**Data segment**
-- Opening Marker --

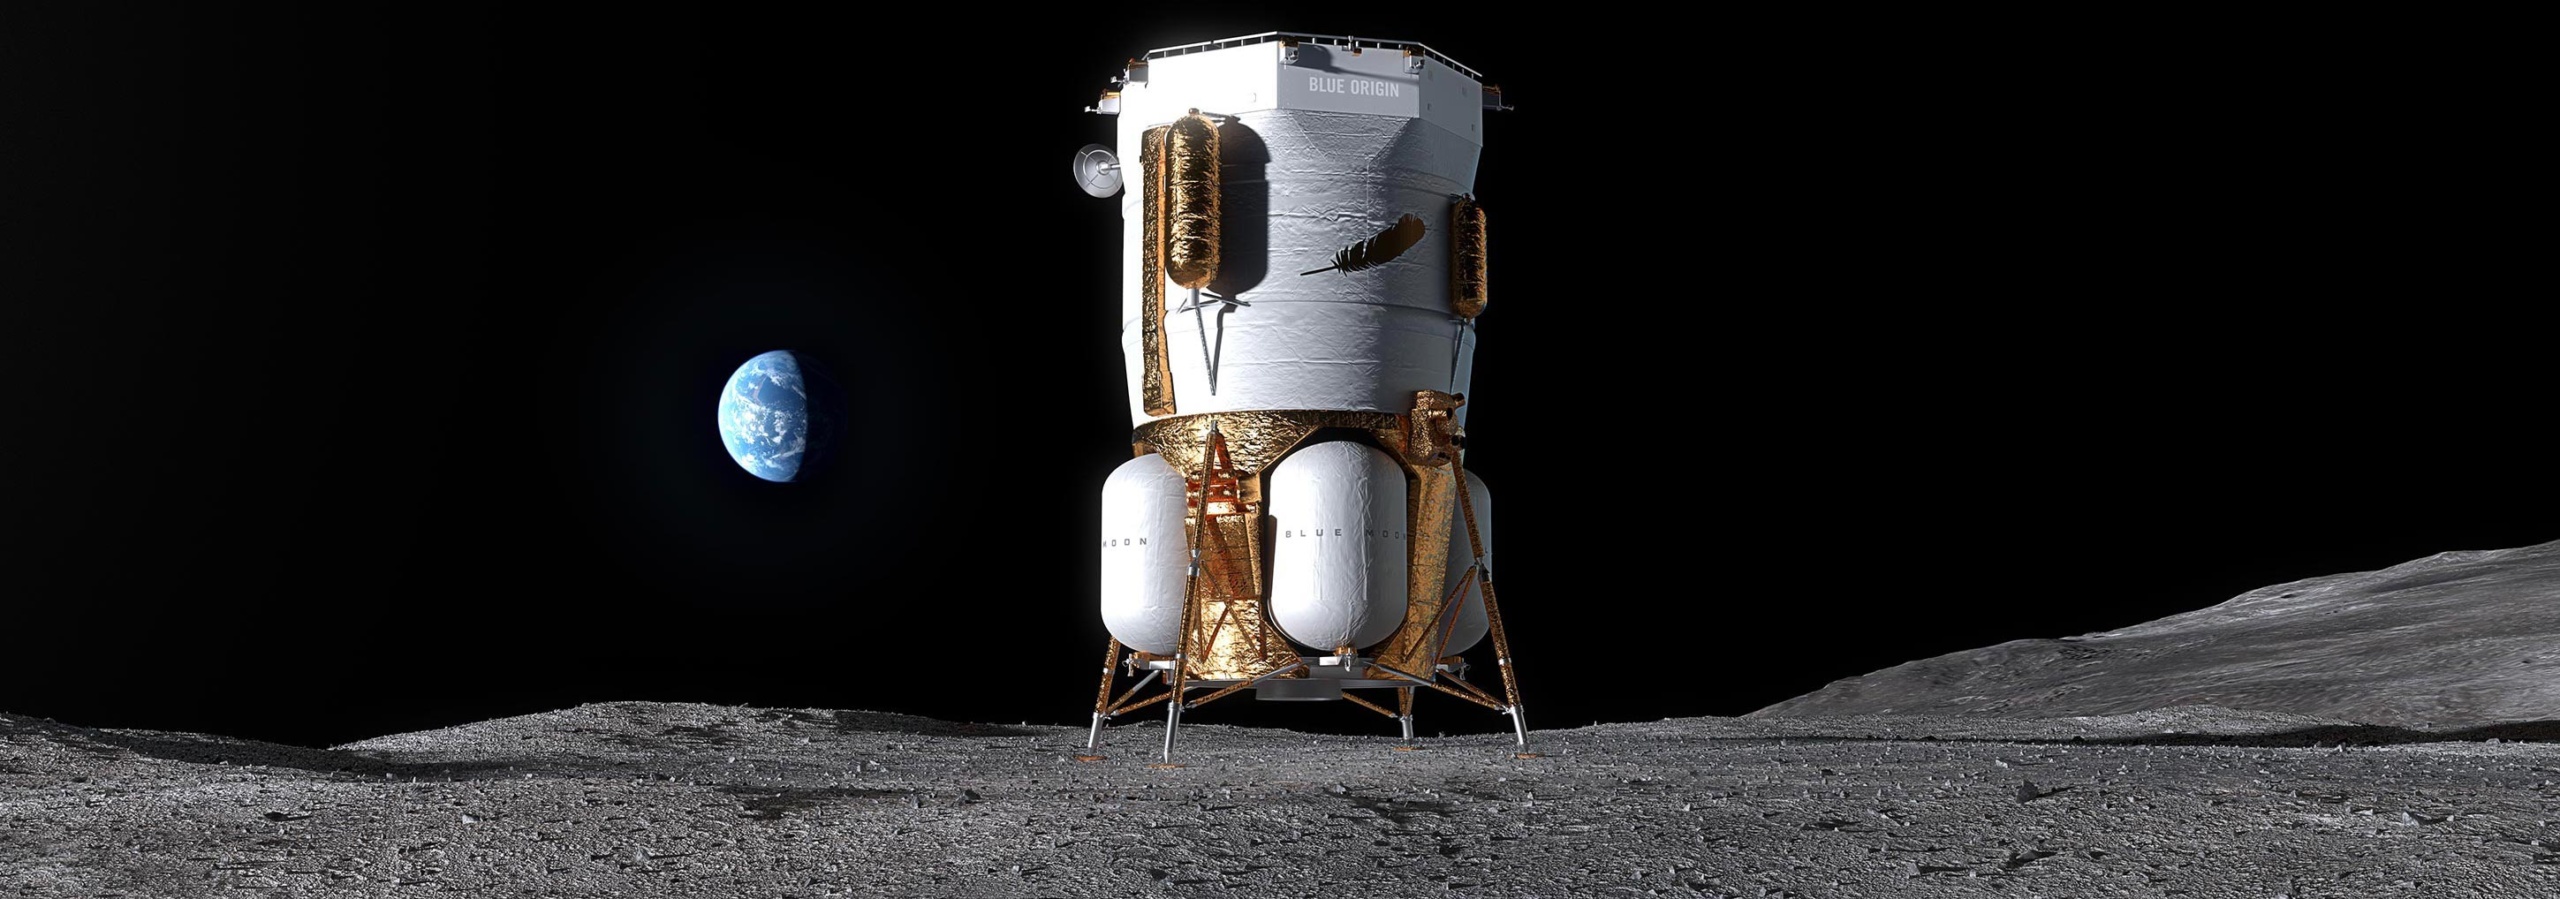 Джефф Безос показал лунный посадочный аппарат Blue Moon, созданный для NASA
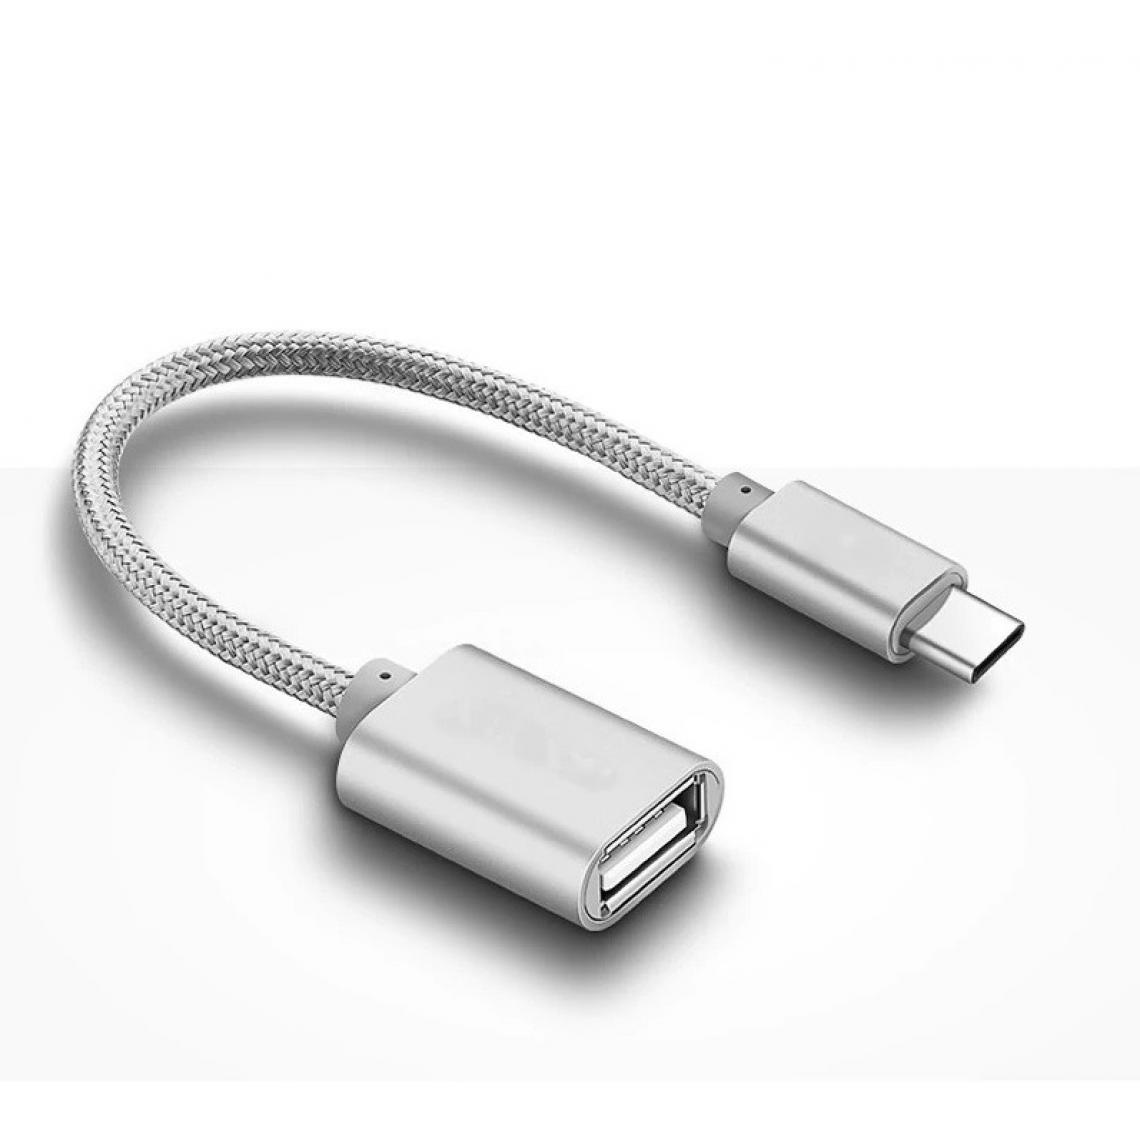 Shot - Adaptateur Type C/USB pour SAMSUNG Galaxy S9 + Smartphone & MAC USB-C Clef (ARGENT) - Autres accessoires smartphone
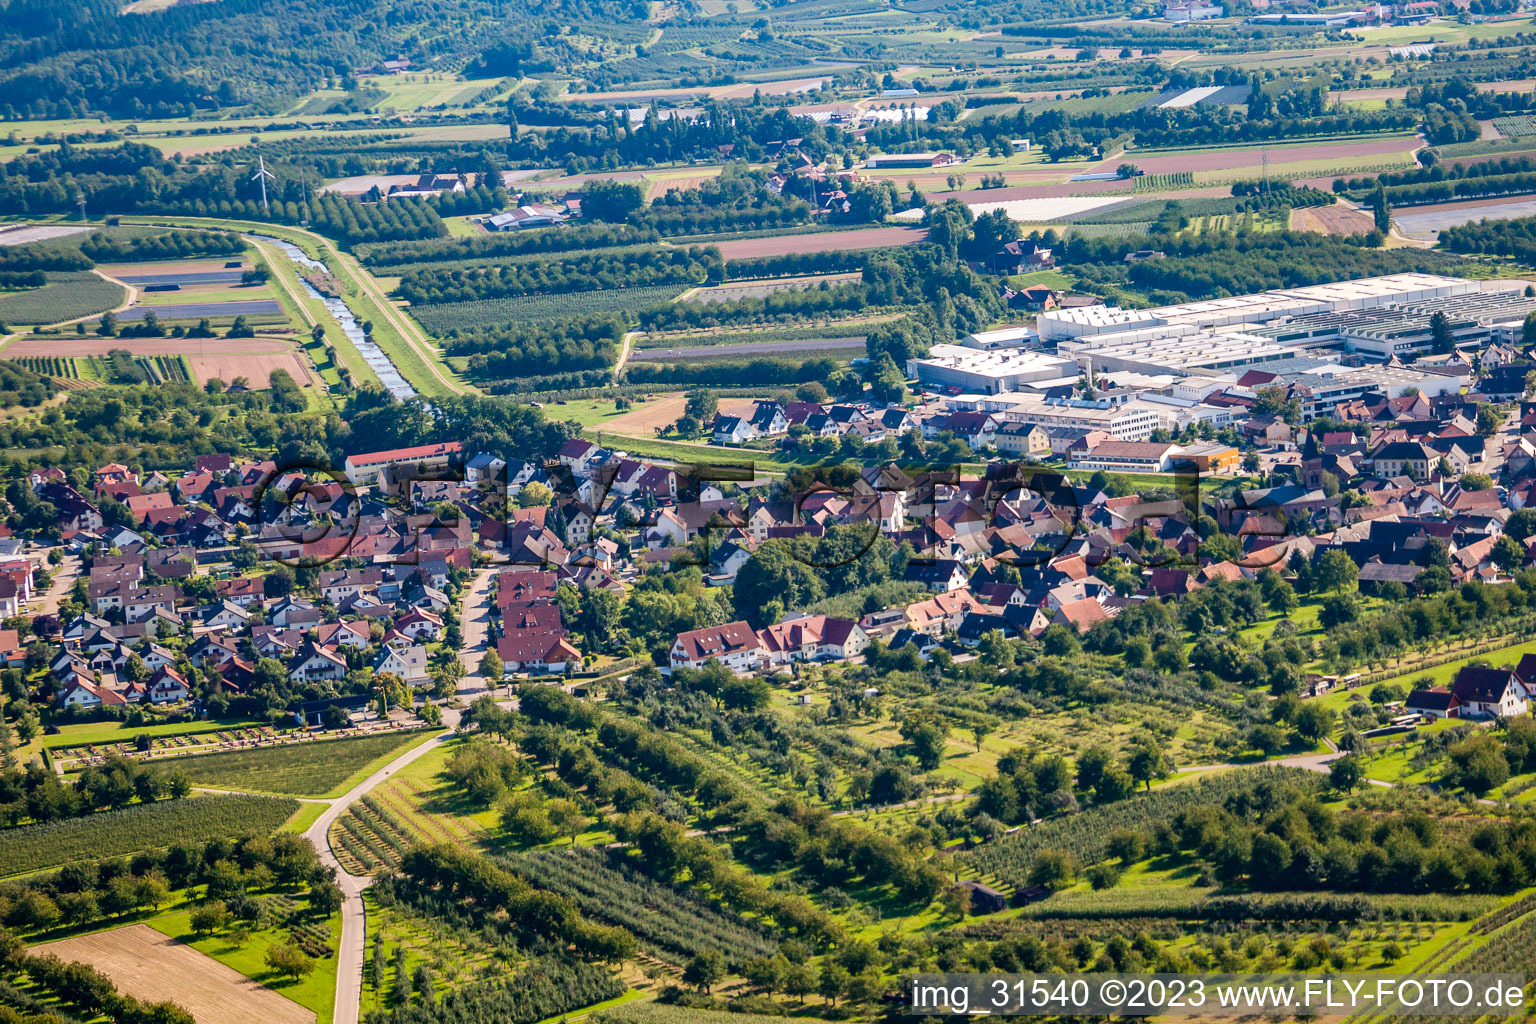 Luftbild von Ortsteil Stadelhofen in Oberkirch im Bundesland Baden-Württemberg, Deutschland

-- Closing Marker --

**How to complete this task**
Leave out every picture and copy verbatim the lines running from the line containing "Shot - Adaptateur" through the final line of the data.

**Task response**
 Shot - Adaptateur Type C/USB pour SAMSUNG Galaxy S9 + Smartphone & MAC USB-C Clef (ARGENT) - Autres accessoires smartphone
 Luftbild von Ortsteil Stadelhofen in Oberkirch im Bundesland Baden-Württemberg, Deutschland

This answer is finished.